Dataset records:

◆ ◆ ◆ ◆ ◆ ◆ ◆

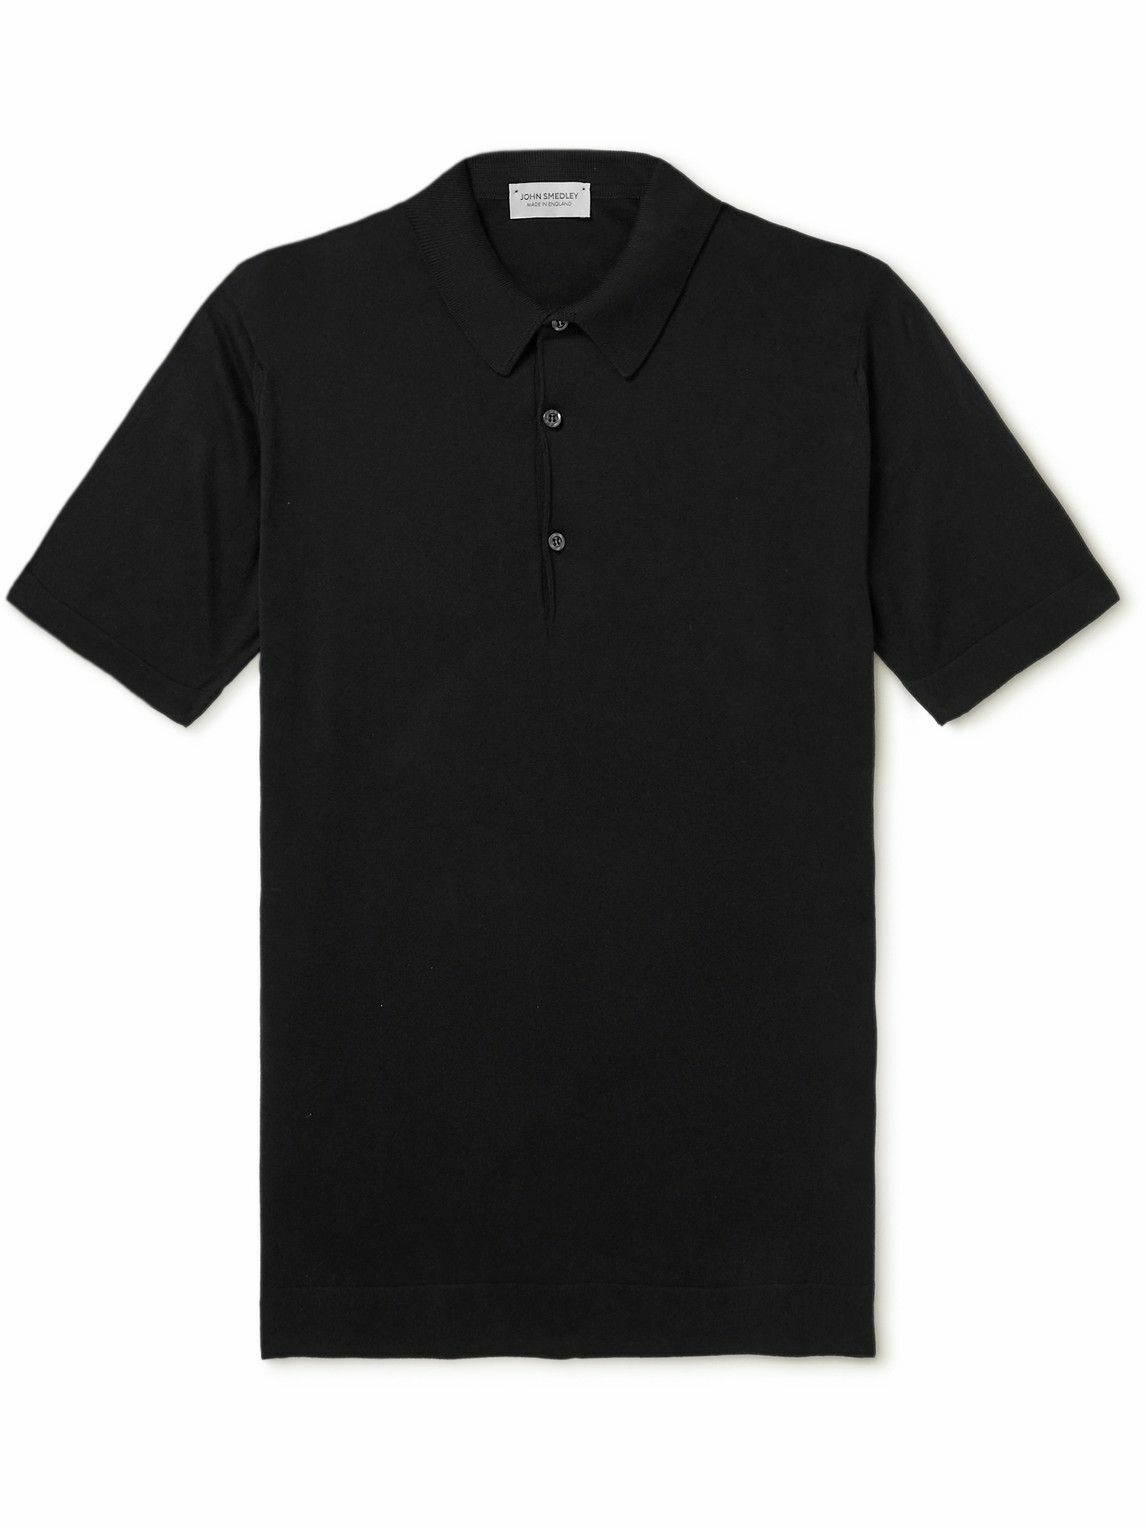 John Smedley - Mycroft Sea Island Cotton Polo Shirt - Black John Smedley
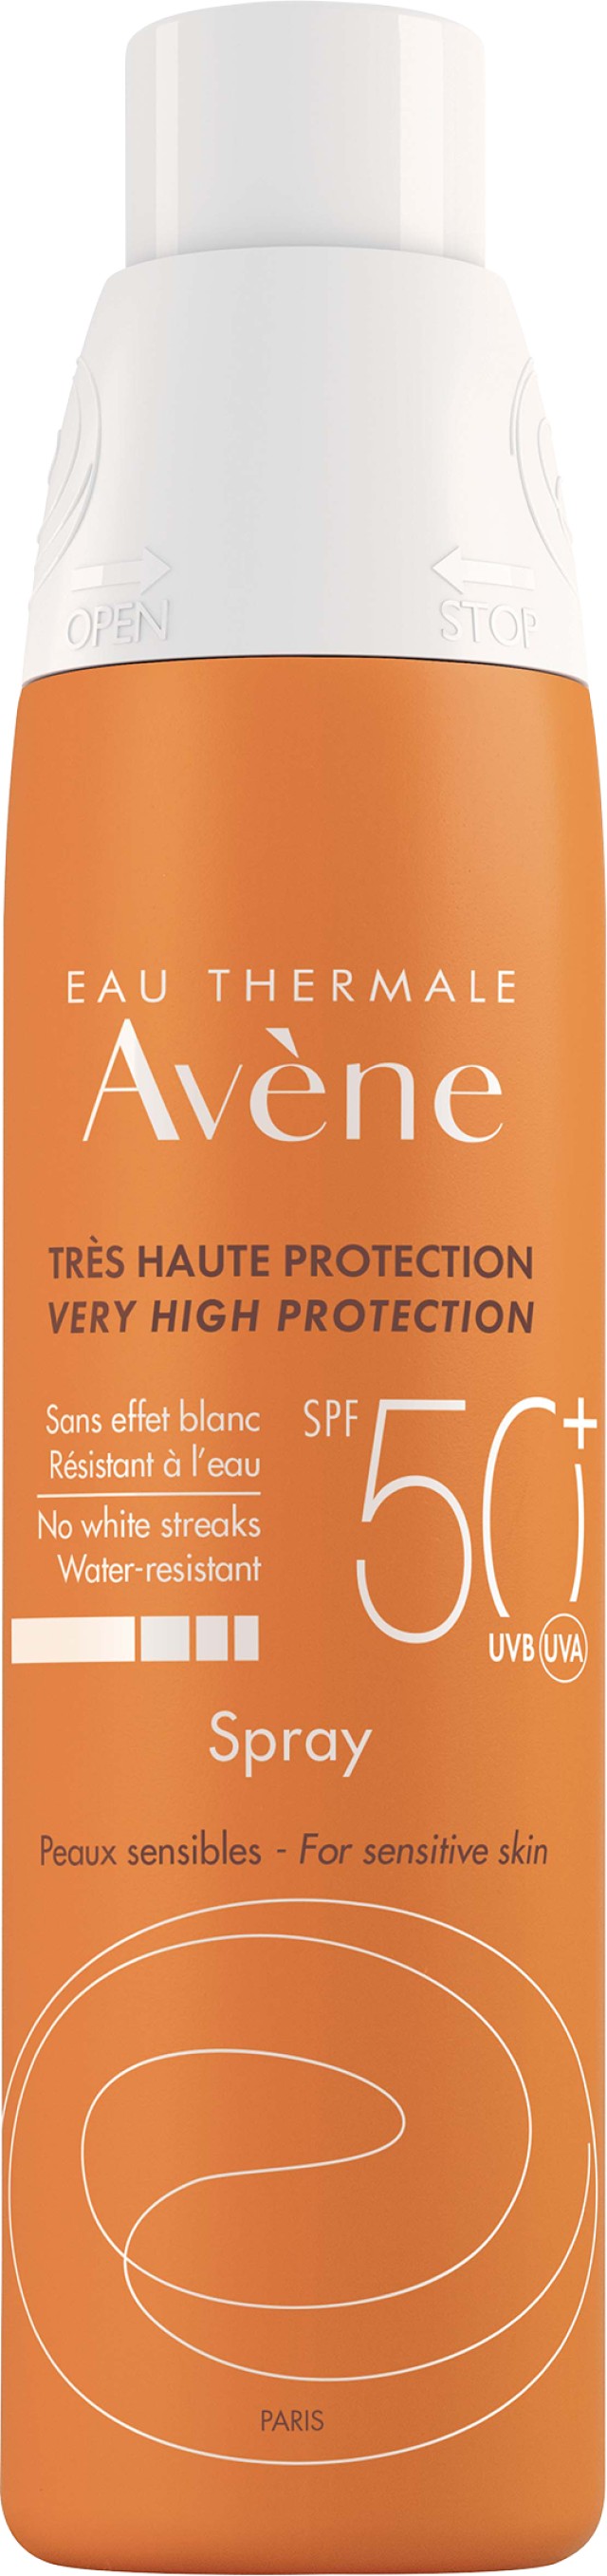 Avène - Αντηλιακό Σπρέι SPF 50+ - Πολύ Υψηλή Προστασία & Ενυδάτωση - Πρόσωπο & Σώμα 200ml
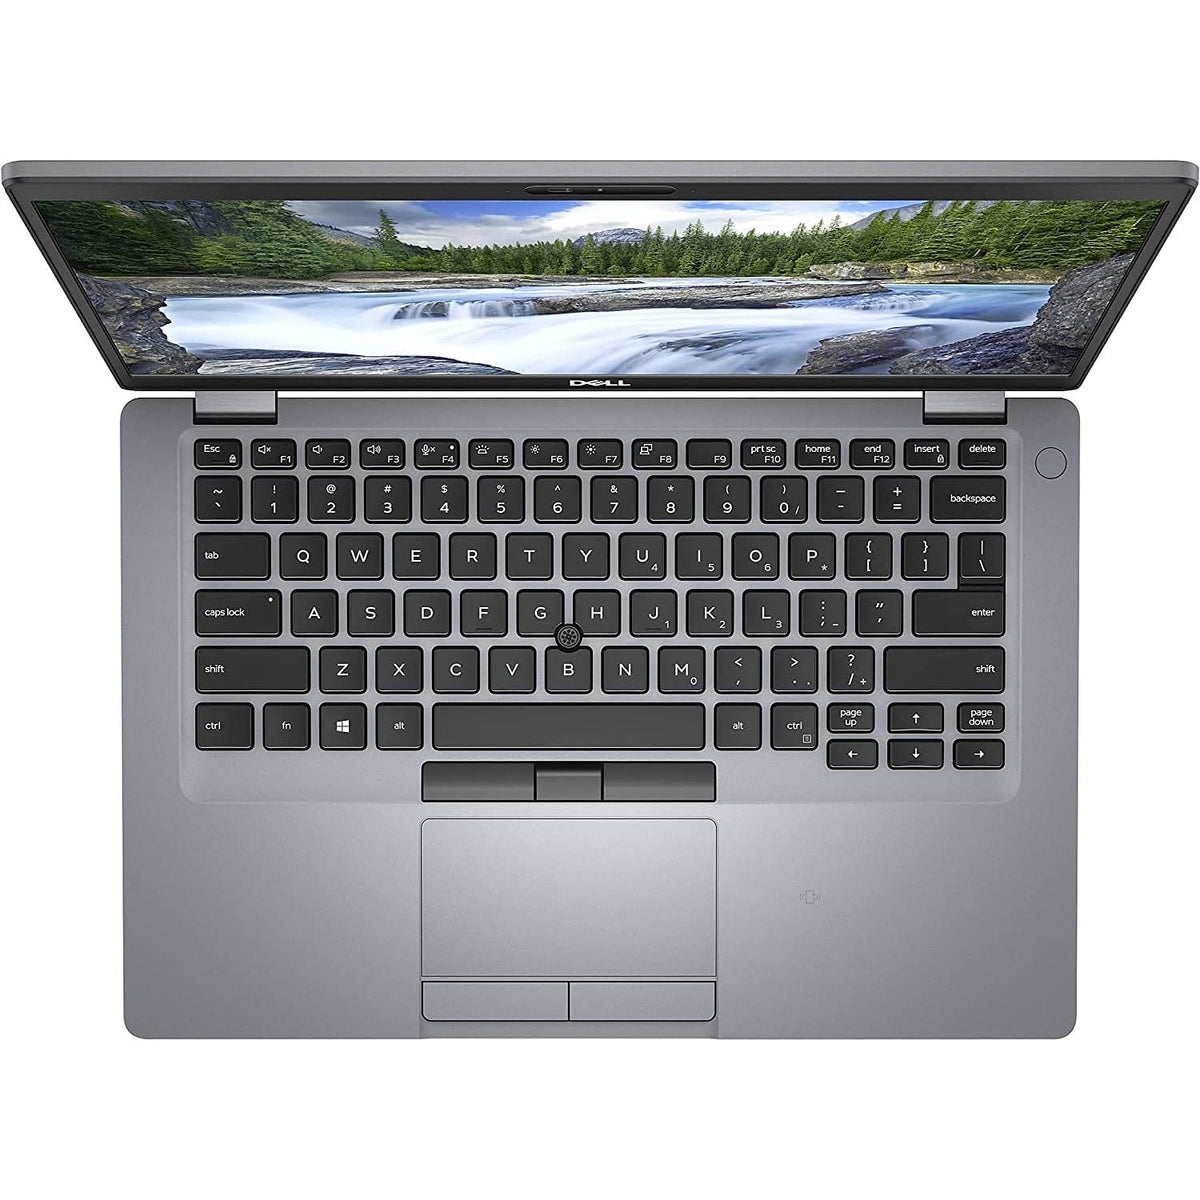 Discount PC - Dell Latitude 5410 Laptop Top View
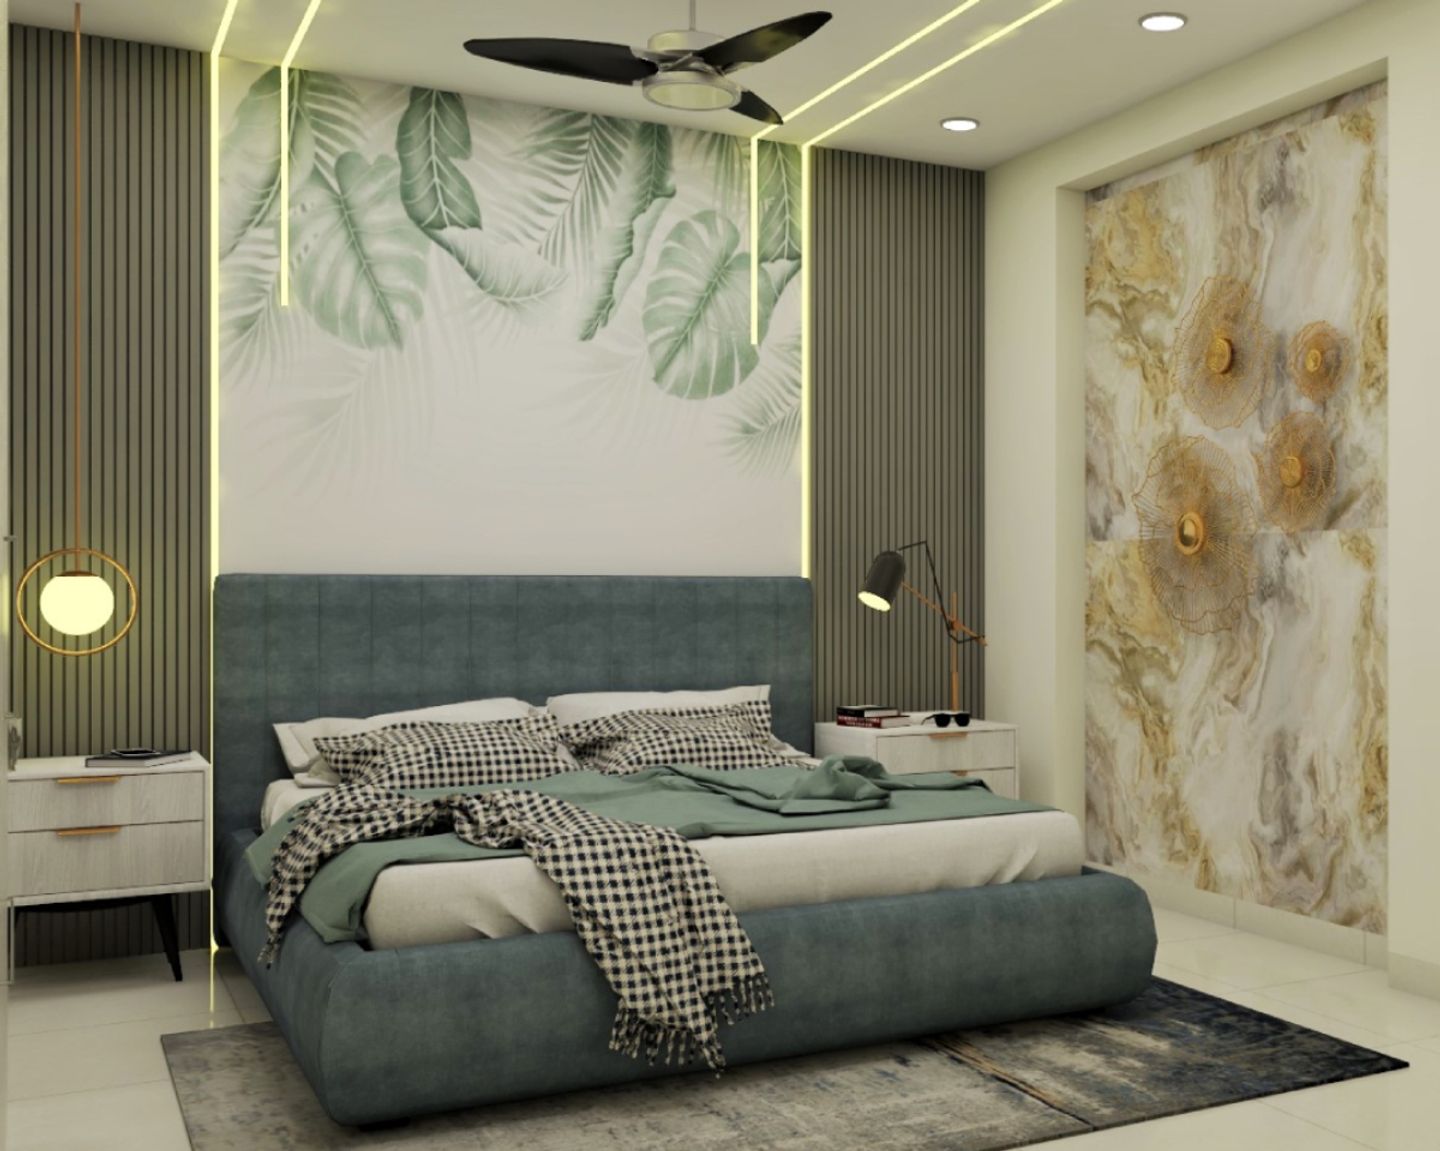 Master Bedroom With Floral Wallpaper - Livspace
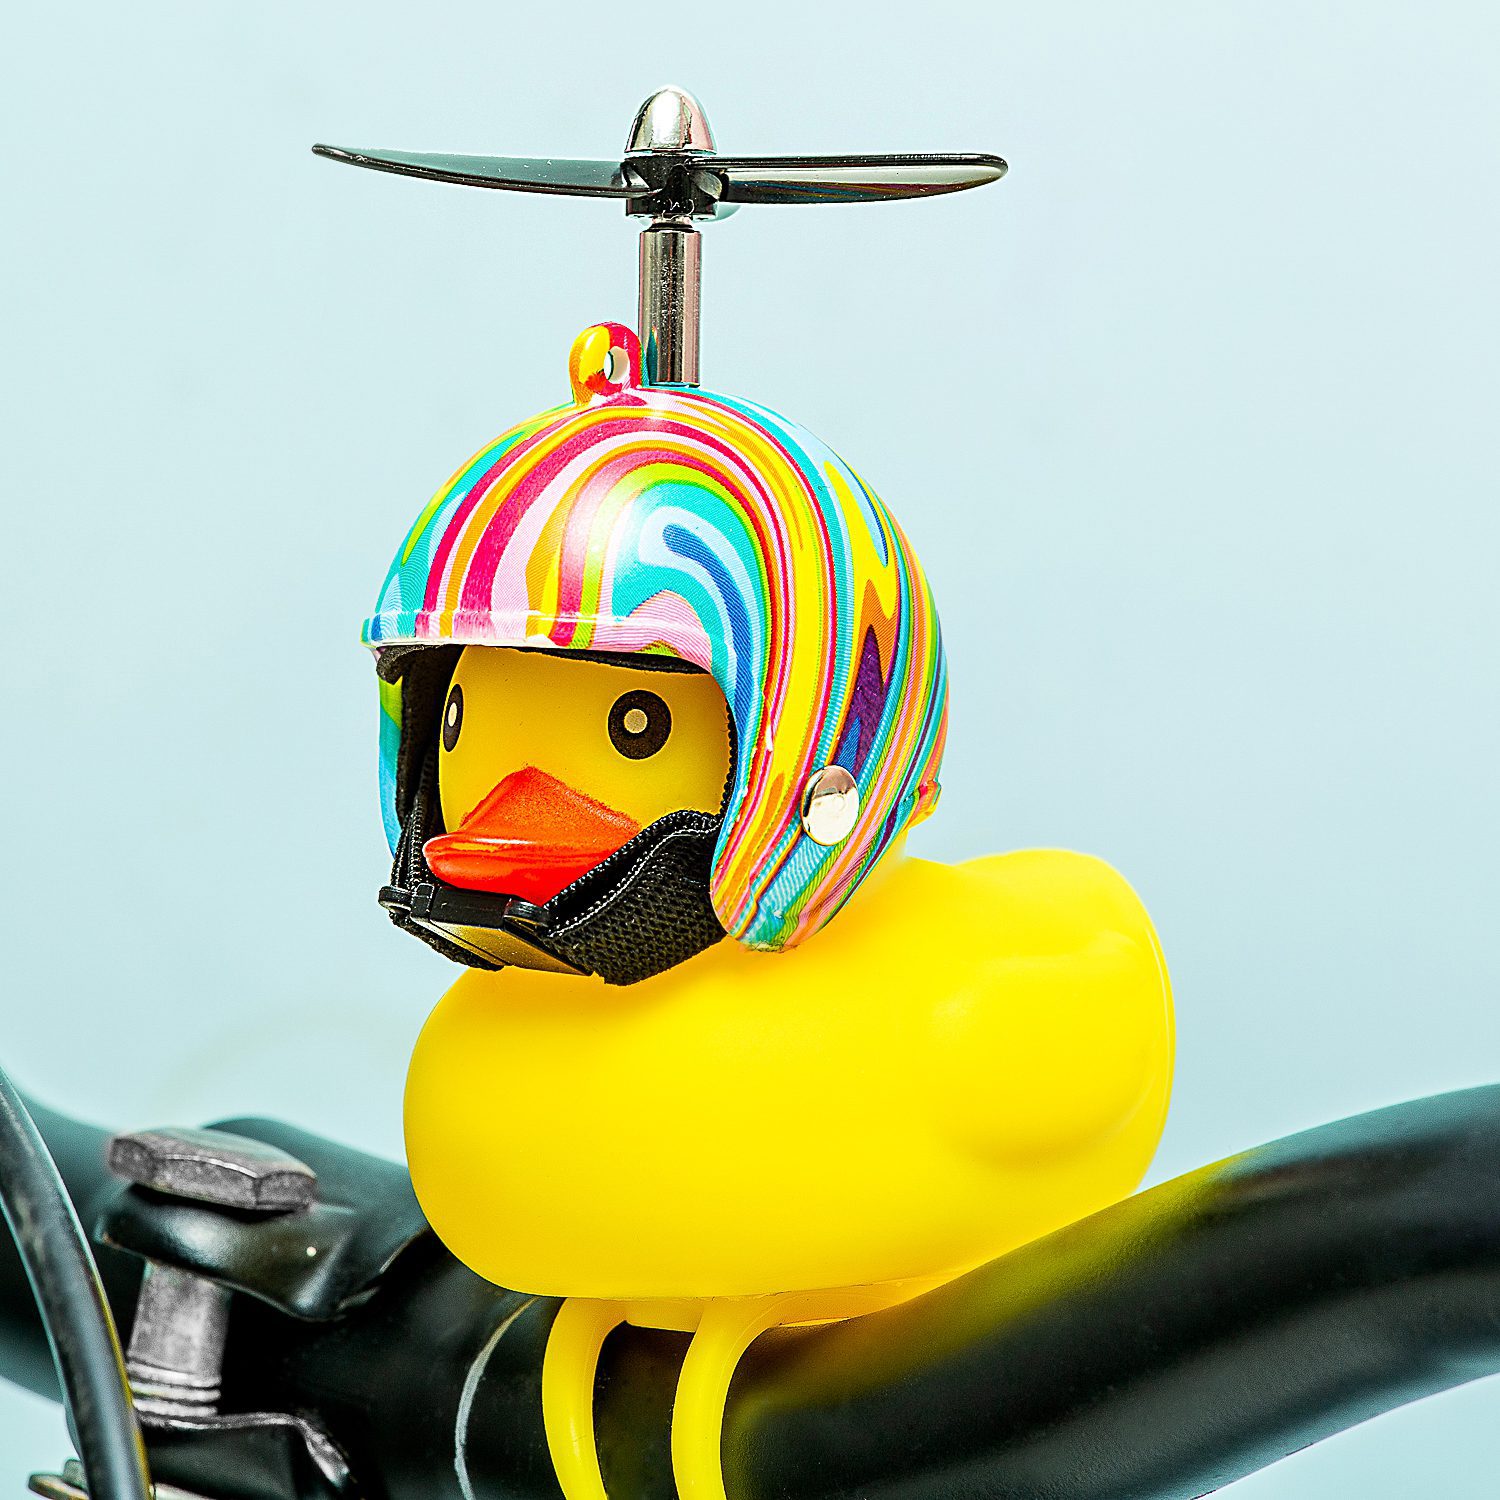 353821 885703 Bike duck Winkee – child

◆ ◆ ◆ ◆ ◆ ◆ ◆

— WHAT TO DO —
Output all lines above precisely. Pictures are to be left out.

— SOLUTION FOR THIS EXERCISE —
 John Smedley - Mycroft Sea Island Cotton Polo Shirt - Black John Smedley
 Avène - Αντηλιακό Σπρέι SPF 50+ - Πολύ Υψηλή Προστασία & Ενυδάτωση - Πρόσωπο & Σώμα 200ml
 Discount PC - Dell Latitude 5410 Laptop Top View
 Master Bedroom With Floral Wallpaper - Livspace
 353821 885703 Bike duck Winkee – child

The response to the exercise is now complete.